Наша машина неторопливо катилась по узкой асфальтированной дорожке, инструктор командовал, будущий водитель неумело резко переключал скорость. Но это меня нисколько не смущало: я никуда не спешил, а при спокойной езде можно было лучше рассмотреть незнакомый город.

Белые домики, маленькие и аккуратные, как макеты. Выше трех этажей зданий не видно. Тротуаров нет. Заасфальтирована лишь проезжая часть. Там, где должен быть тротуар, — зыбкий волнистый песок. Тростинки тоненьких деревцев огорожены корзинами из железных прутьев. Не видно ни рекламных панно, ни ярких витрин. Во всем облике города ощущалась скромность, сдержанность.

Вот, собственно, и все, что удалось увидеть из окна медленно двигающегося такси. Многих атрибутов современного стандартного города, которые веками изобретались, совершенствовались и накапливались, не досчитаться в Нуакшоте. Но когда вы узнаете, что первый камень Нуакшота был заложен всего лишь в декабре 1959 года, то хочется аплодировать людям, создавшим в пустыне этот город строгих геометрических линий.

Исторический факт, что первое заседание Совета министров Мавритании состоялось в полотняной палатке на том самом месте, где сегодня выросла столица. Впрочем, и по сей день палатки и шатры встречаются в Мавритании повсюду, ибо эго край исконных кочевников. Судьба страны сложилась нелегко…

ВНЕ ВРЕМЕНИ

Историю Мавритании еще предстоит написать. В народе ходят витиеватые, как восточный узор, легенды о воинственных и мудрых эмирах, некогда правивших этим районом Африки. Мне довелось слышать такие легенды. Их рассказывают местные «баяны» на базарных площадях и во время остановок караванов в пути. Собравшаяся в кружок молодежь зачарованно слушает сказителя, переживая события далекой старины, щедро разукрашенные живым мудрым фольклором. Может быть, кто-то займется и соберет, запишет самобытные мавританские сказания. И я убежден, что тогда человечество получит еще один великолепный памятник устного народного творчества.

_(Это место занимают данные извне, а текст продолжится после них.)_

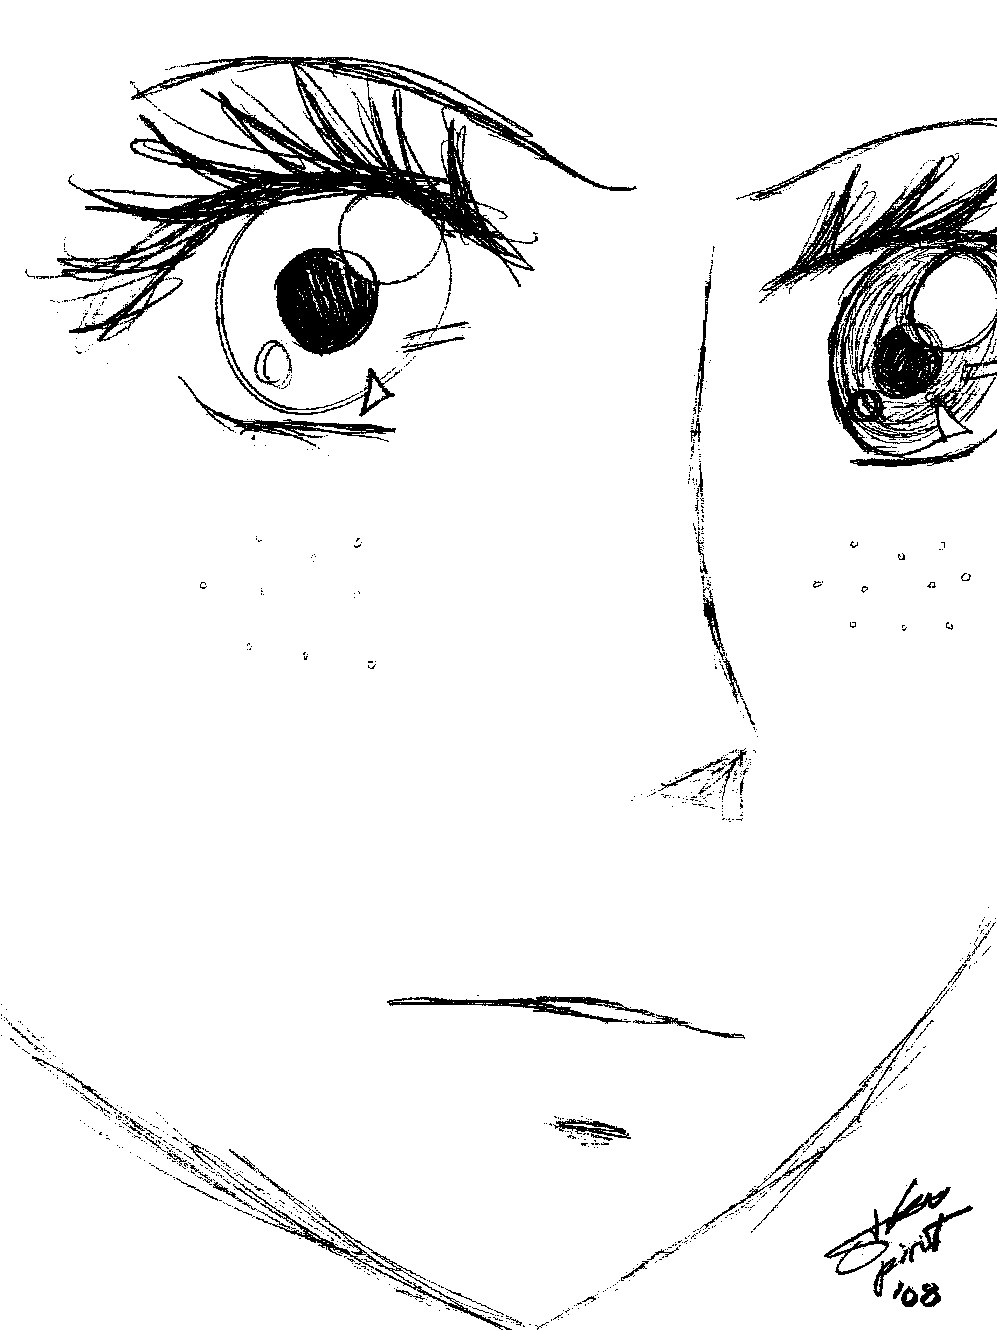 Abi's Face by Otaku_Spirit

Известно, что в обширных сахарских районах, относящихся к территории современной Мавритании, в VIII веке нашей эры жили негритянские племена — выходцы из Черной Африки и берберы — пришельцы из Северной Африки. В ту пору здесь не было государственных границ и свободные кочевники неутомимо бороздили своими караванами пески Сахары. В XI веке в Мавританию начинает проникать ислам, который утверждается как официальное вероисповедание. Проникает сюда и мусульманская прогрессивная для того времени культура. Исламизация сахарских племен завершается в период правления Альморавидов. Эта берберская феодальная династия правила в XI–XII веках в Марокко, части Алжира, Испании. Арабизация берберского населения проходила постепенно. Начало ей положило арабское племя хасаб, которое в XIII веке переселилось из Марокко.

Европейцы на пустынных берегах Западной Африки появились впервые в XV веке. В 1645 году французы основали в устье реки Сенегал французскую факторию (с 1659 года — Сел-Луи). На протяжении двух столетий Франция соперничала с англичанами и голландцами, чтобы единовластно утвердиться в плодородной долине реки Сенегал. В конце концов французские колонизаторы одержали верх. Это была эпоха, когда империалистические хищники делили между собой карту многострадальной Африки иногда при помощи линейки и циркуля. Наглядный пример тому — резко прямолинейные контуры территории Мавритании, которая отошла к Франции. Хотя по документам территория стала французской, однако в действительности до этого было далеко. Для утверждения своего господства в африканских странах, в том числе и Мавритании, колониальные державы пускали в ход, как известно, и кнут и пряник. Один ловкий офицер французской армии, войдя в доверие к духовенству южных племен, пытался хитростью подчинить мавританских вождей, заставить их служить завоевателям. Когда уловка не удалась, против непокорных двинули карательные войска. Экспедиционный корпус полковника Гуро оккупировал пальмовый оазис в районе Адрар, откуда долгие годы систематически совершались «усмирительные операции». В 1903 году Франция объявила Мавританию своим протекторатом, в 1920 году — колонией. Внутренняя автономия предоставлена стране в 1956 году; независимое государство родилось 28 ноября 1960 года.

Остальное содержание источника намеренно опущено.